[TASK OBJECTIVE] Please return each entry that follows exactly as given, but without pictures.

[TASK INPUT]
────
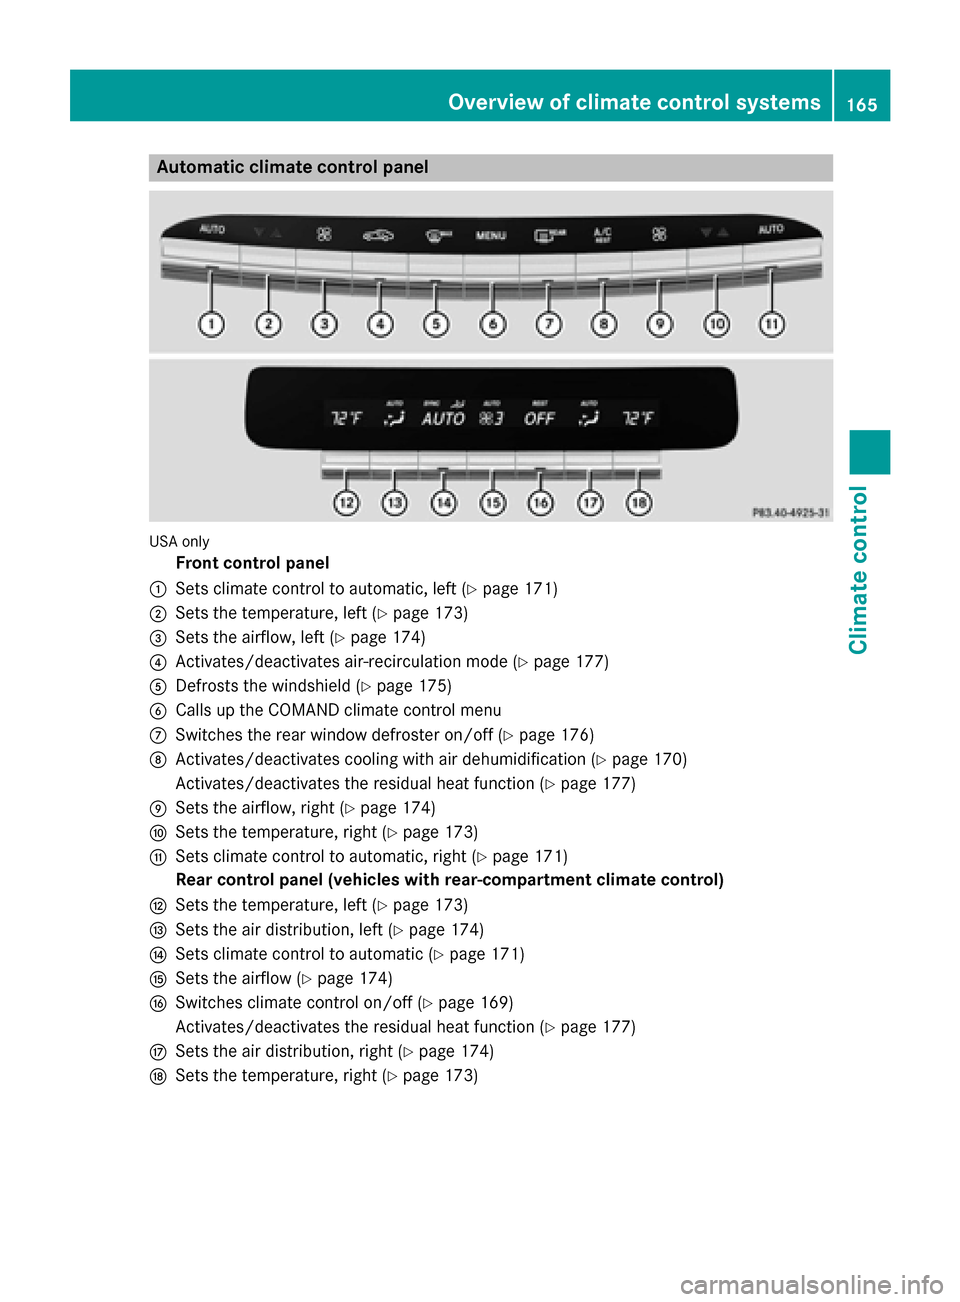 MERCEDES-BENZ S-Class 2015 W222 Owners Manual Automatic climate control panel
USA only
Front control panel
: Sets climate control to automatic, left (Y page 171)
; Sets the temperature, left (Y page 173)
= Sets the airflow, left (Y page 174)
? Ac
────
[OUTPUT OF THE EXERCISE]
 MERCEDES-BENZ S-Class 2015 W222 Owners Manual Automatic climate control panel
USA only
Front control panel
: Sets climate control to automatic, left (Y page 171)
; Sets the temperature, left (Y page 173)
= Sets the airflow, left (Y page 174)
? Ac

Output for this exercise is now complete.